Still referring to FIG. 1A, the outer string 120 further includes a sand screen corresponding to each zone. For example, sand screen S1 below packer 124a and across from zone Z1, sand screen S2 below packer 124b and across from zone Z2 and sand screen Sn below packer 124n and across from zone Zn. The lower packer 123 and isolation packer 124a, when set, isolate zone Z1 from the remaining zones: packers 124a and 124b isolate zone Z2 and packers 124n-1 and 124n isolate zone Zn. Each of the sand screens S1-Sn may be made by serially connecting two or more screen sections with connection members to form the sand of a desired length, wherein the connections provide axial fluid communication between the adjacent screen sections. The outer string 120 also includes, for each zone, a flow control device, referred to as a slurry outlet or a gravel exit, such as a sleeve valve or another valve, between its corresponding packer and the screen to provide fluid communication between the inside 120a of the outer string 120 and its associated zone. As shown in FIG. 1A, a sleeve valve 140a is provided for zone Z1 between packer 124a and screen S1, sleeve valve 140b for zone Z2 and sleeve valve 140n for zone Zn. In FIG. 1A, the inner string 160 and outer string 120 are shown in the run-in position. The outer string 120 is further shown to include a flow device, also referred to as a monitoring valve, which may be a sleeve valve, for each zone to provide fluid communication between its corresponding zone and inside 120a of the outer string. In FIG. 1A, monitoring valves 130a-130n respectively are provided below screens S1-Sn for zones Z1-Zn.
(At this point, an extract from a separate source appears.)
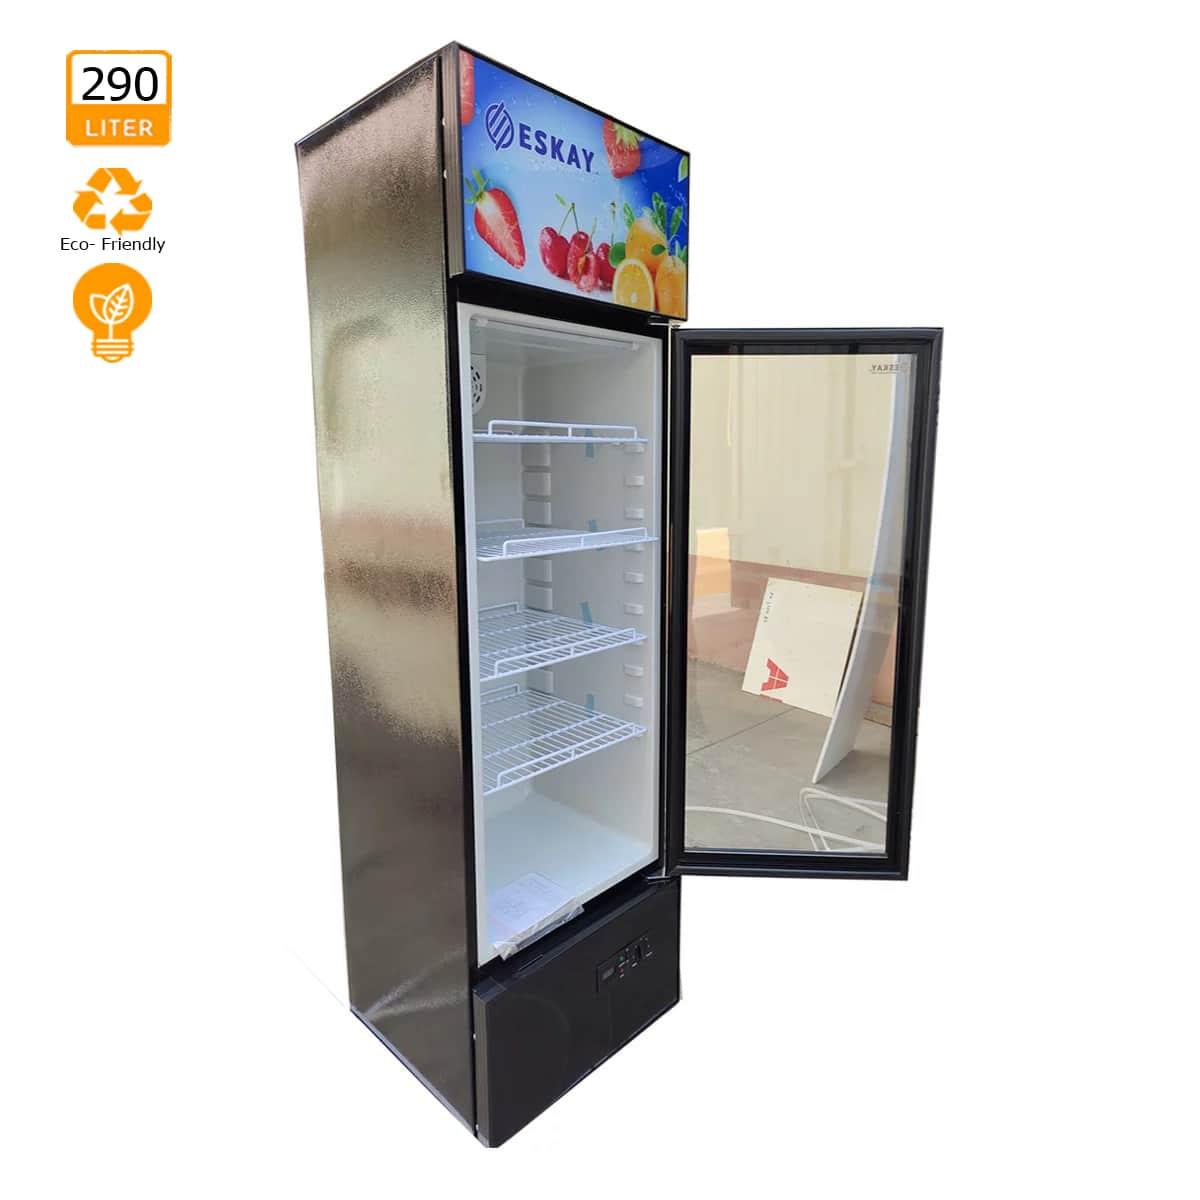 eskay-display-fridge

In FIG. 1, the inner string 160 and the outer string 120 are shown in the run in position (i.e., when the strings are moved into the wellbore) and in such a case flow devices 140a-140n and 130a-130n are typically in their closed positions, as shown in FIG. 1A so no fluid flows from the inside 120a of the outer string 120 to any of the zones Z2-Zn, until such devices are opened downhole.

Still referring to FIG. 1A, the outer string 120 may further include a seal below and another above each of the sleeve valves 140a-140n to seal an area around the sleeve valves 140-140n for performing treatment operations. In FIG. 1A, inverted seals 145a and 146b are shown associated with sleeve valve 140a, inverted seals 145b and 146b with the slurry outlet 140b and inverted seals 145n and 146b with slurry outlet 140n. In one aspect, the inverted seals may be configured so that they can be pushed inside the outer assembly 120 or removed from the inside of the outer string 120 after completion of the treatment operations or during the deployment of a production string (not shown) for the production of hydrocarbons from well bore 101. Any other seals may also be utilized. In one non-limiting embodiment, the outer string 120 also includes a zone indicating profile or locating profile for each zone: profile 190a for zone Z1, profile 190b for zone Z2 and profile 190n for zone Zn) and a corresponding set down profile: profile 192a for zone Z1, profile 192b for zone Z2 and profile 192n for zone Zn.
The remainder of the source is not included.